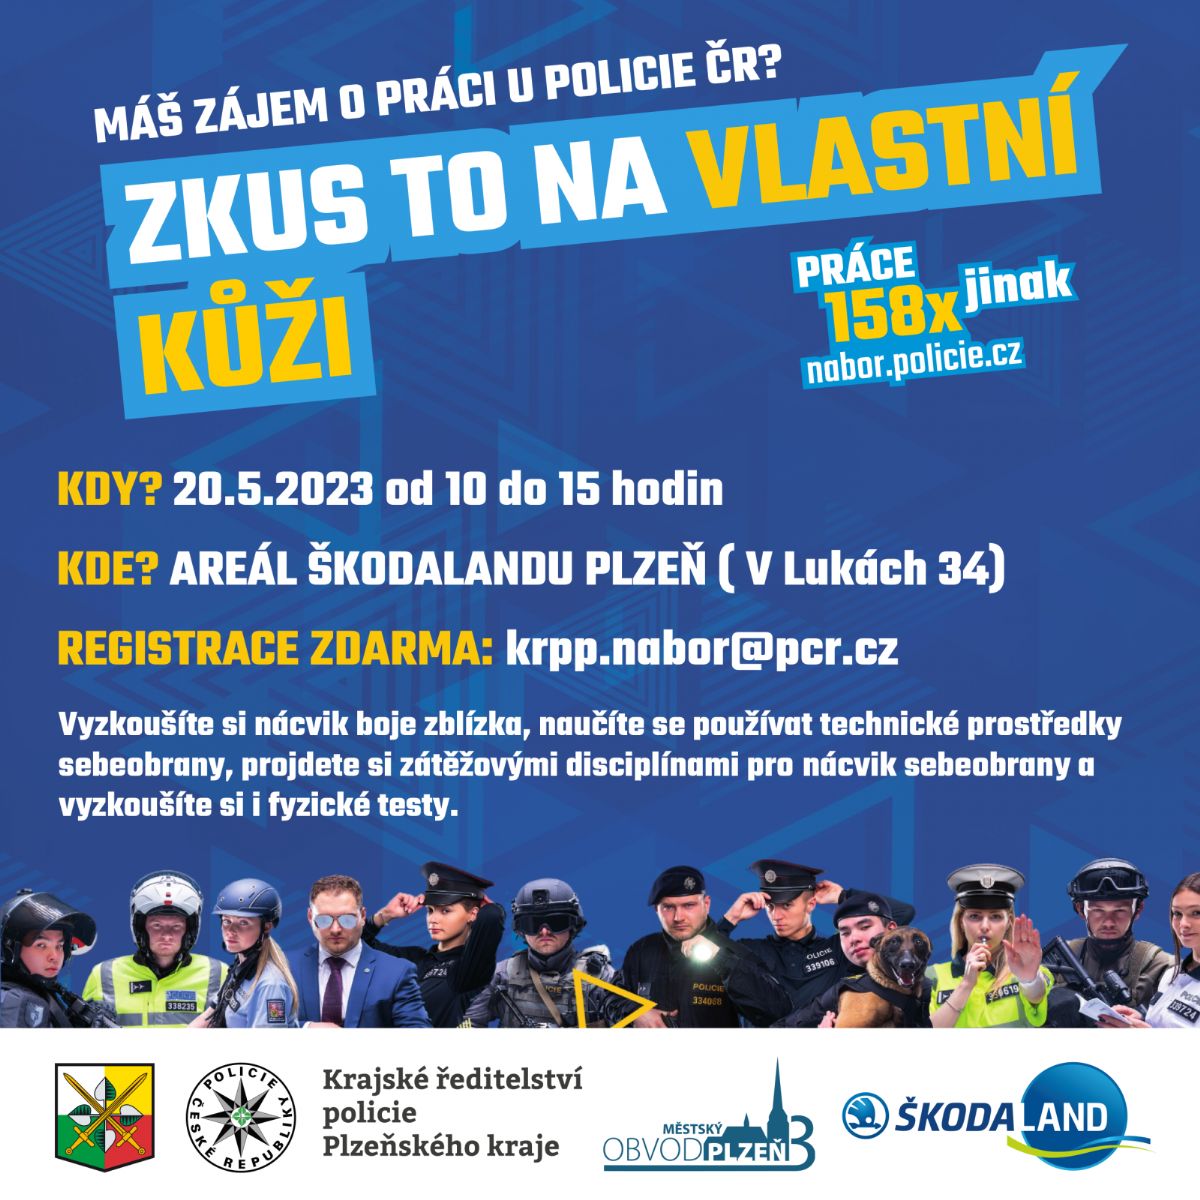 Policisté zvou veřejnost na trénink do Škodalandu. Obdržíte osvědčení
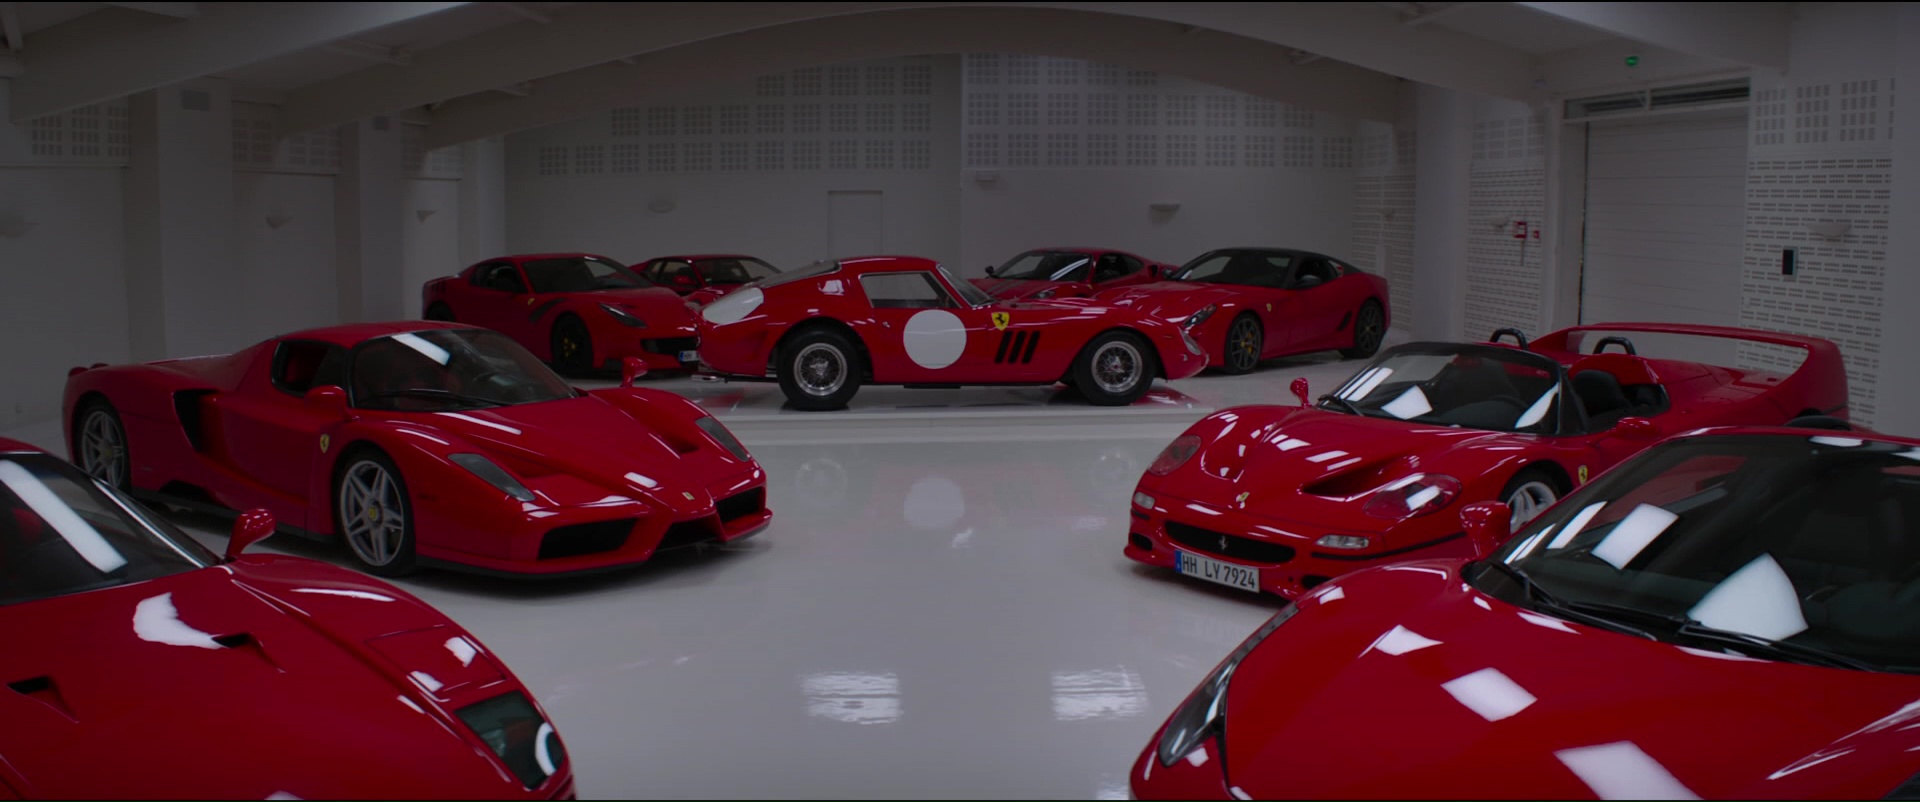 Ferrari Cars in Overdrive (2017) Movie
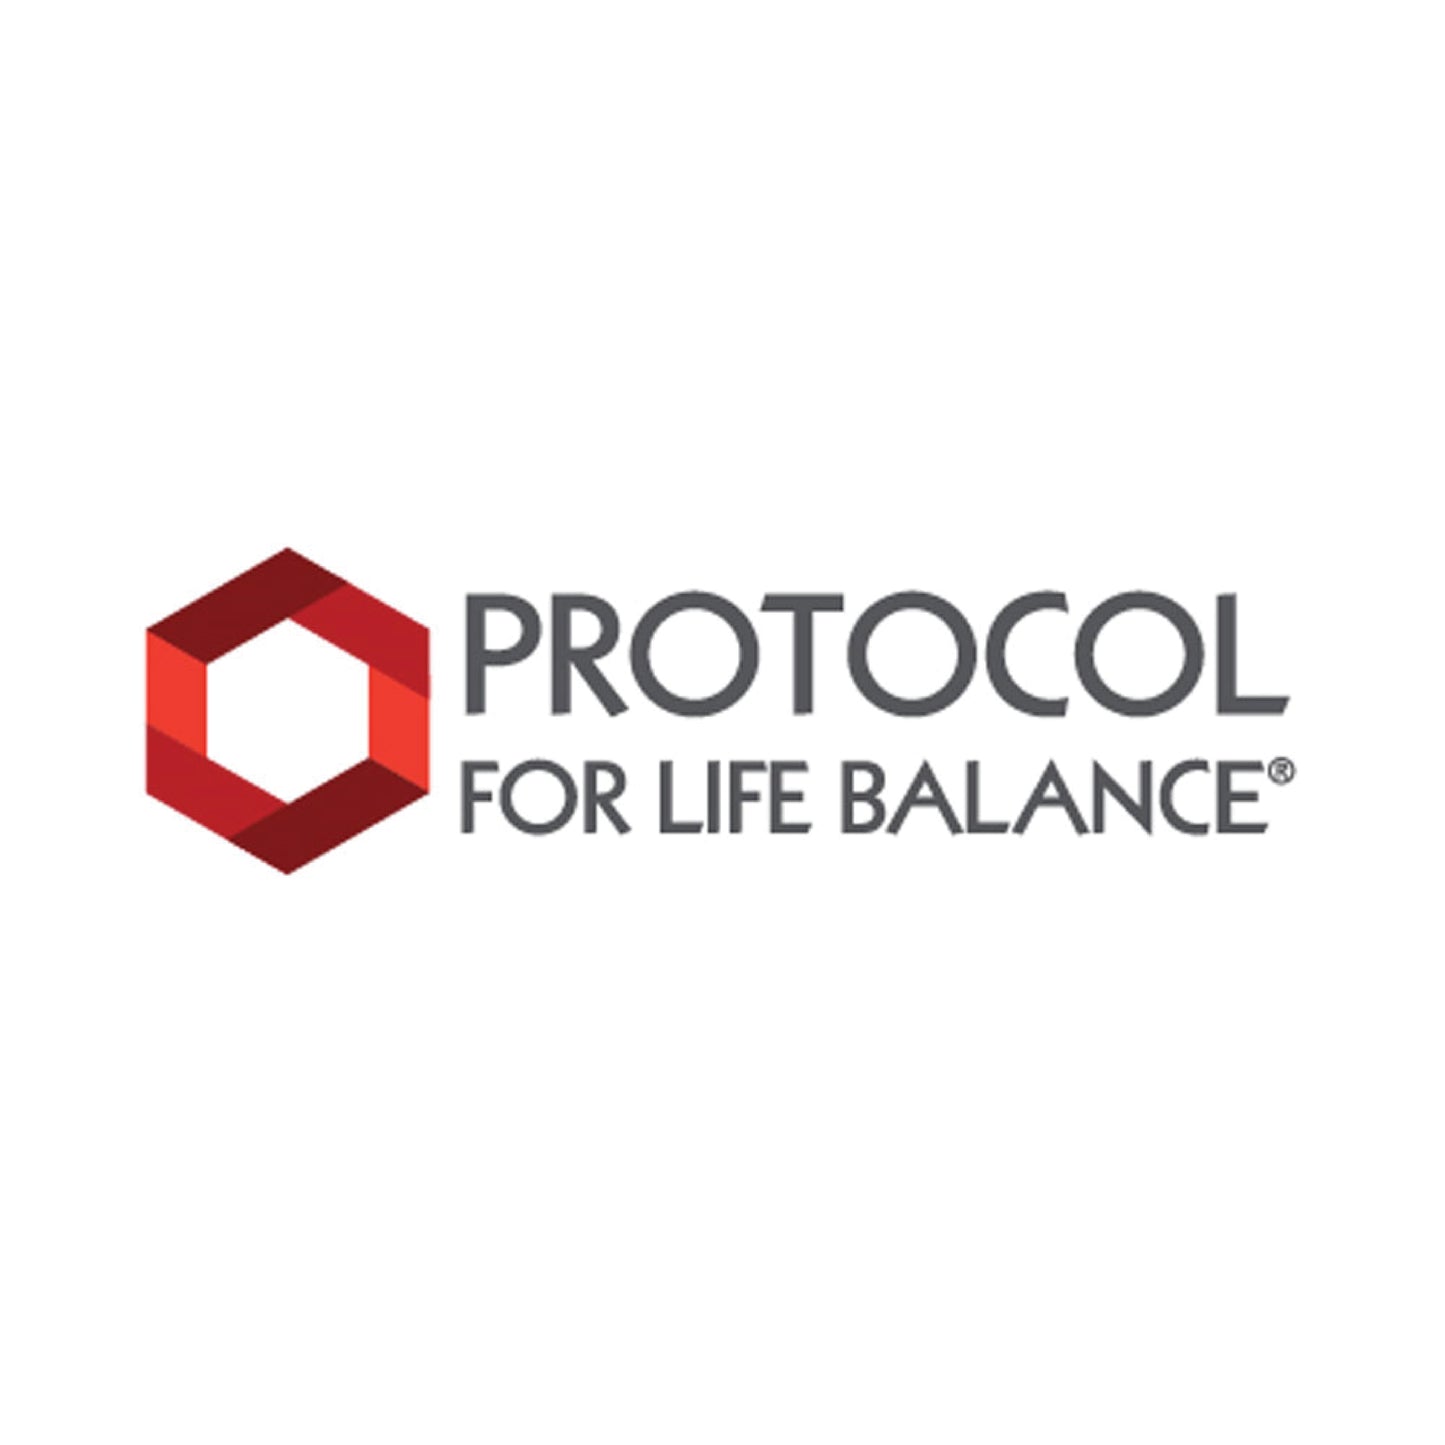 Protocol for Life Balance, Iron, High Potency, 36 mg, 90 Veg Capsules

[How to complete this task]
Word for word, repeat the material above and drop the pictures.

[Result of the task]
 Policisté zvou veřejnost na trénink do Škodalandu. Obdržíte osvědčení
 Ferrari Cars in Overdrive (2017) Movie
 Protocol for Life Balance, Iron, High Potency, 36 mg, 90 Veg Capsules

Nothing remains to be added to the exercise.